The shoulder belt crosses the center of the chest and rests between the shoulder and neck. The child is comfortable – and therefore not tempted to place the shoulder belt behind the back or under the arm (both of which are dangerous)
The booster’s shallower seat allows the child’s knees to bend comfortably over the edge without having to slouch. The child’s back rests against the back of the vehicle seat (in a backless booster) or booster seat (in a high-backed booster), allowing the safety belt to tighten appropriately against the child’s upper body. The child is again more comfortable and of course safer.

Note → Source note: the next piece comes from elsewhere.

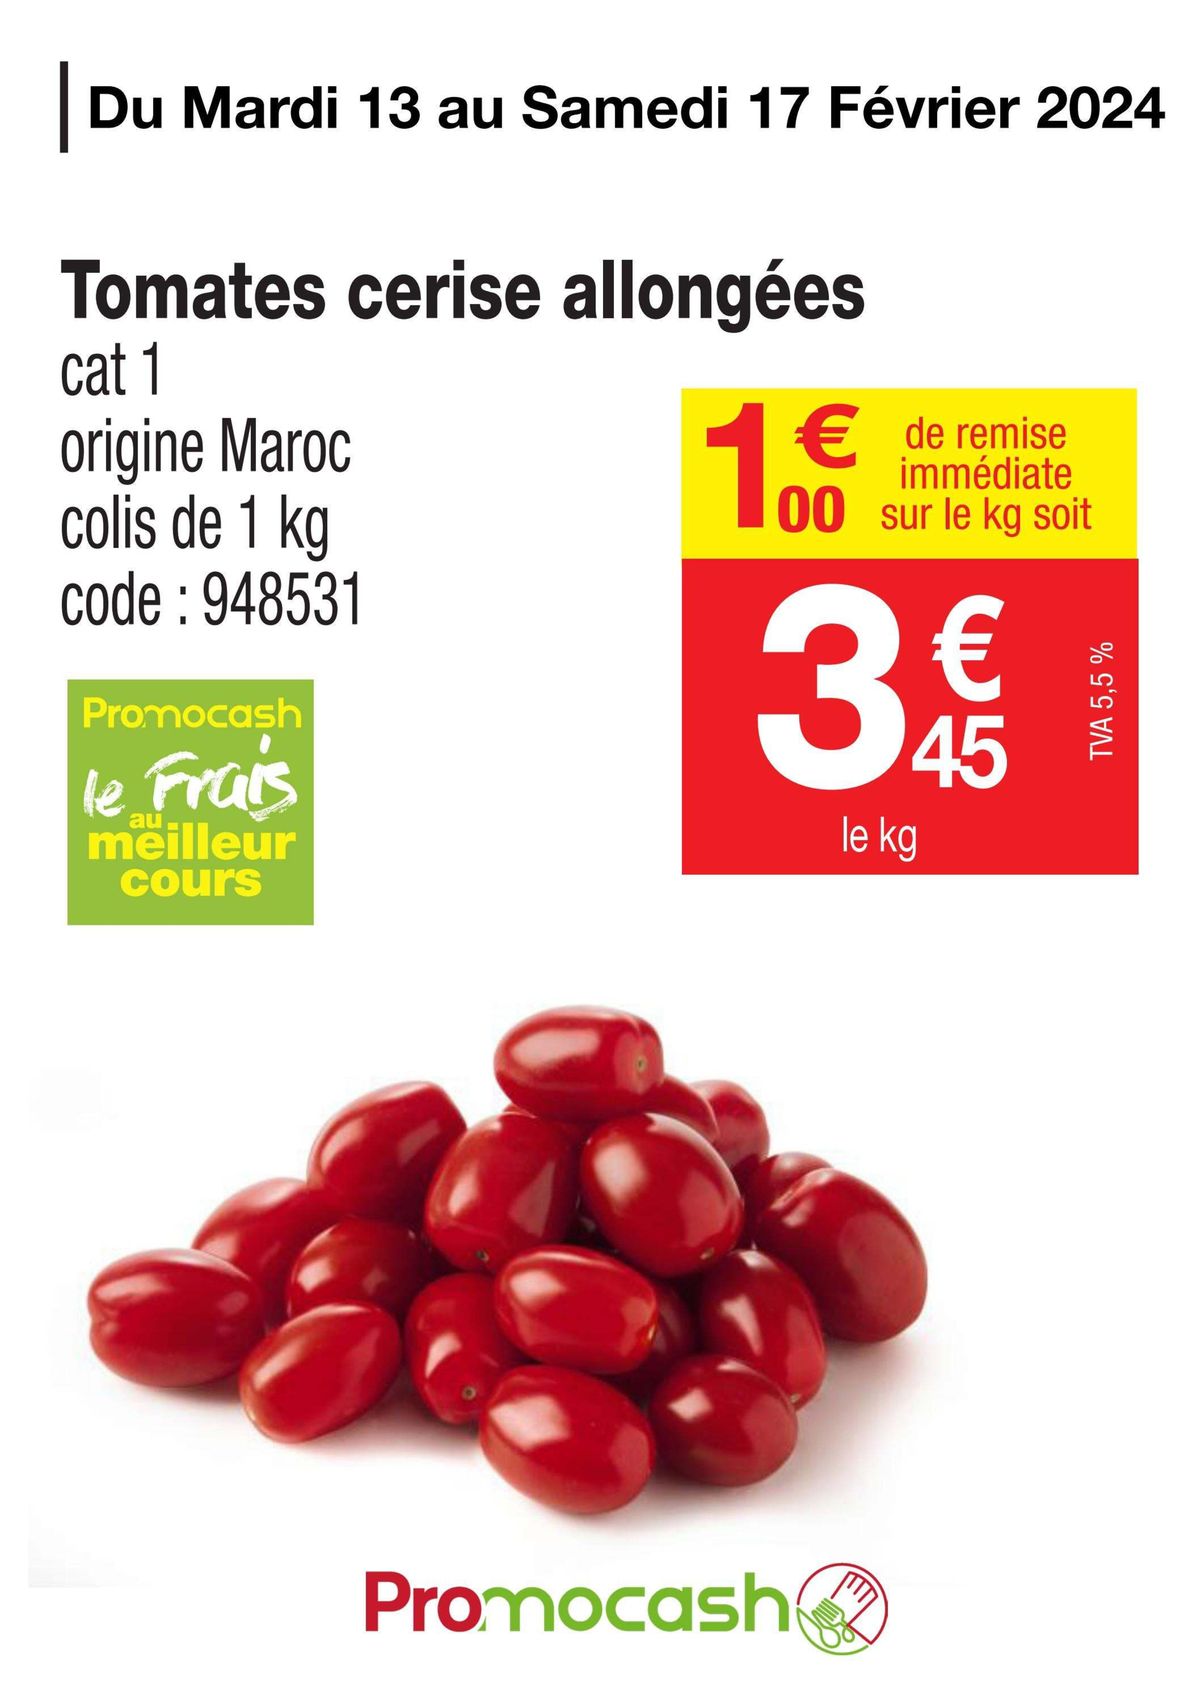 Catalogue Tomates cerise allongées, page 00001

The booster has either small handles, arm rests, guides or slots that help position the lap portion of the belt low and flat across a child’s upper thighs and prevent the lap belt from riding up onto the abdomen. This eliminates the risk of “seat belt syndrome.”
In the first diagram, a child who should be using a booster seat is instead using just a lap-and-shoulder belt. However, he has put the shoulder portion of his seat belt behind his back, which means his upper body is not restrained. Look how far his head moves in a crash!
In the second diagram, a child who should be using a booster is instead using just a lap-and-shoulder belt, albeit correctly. His head still moves quite far forward during a crash.
In the third diagram, the child uses a booster correctly. His head barely moves forward and he will sustain much less serious injuries than the other two children in the above diagrams.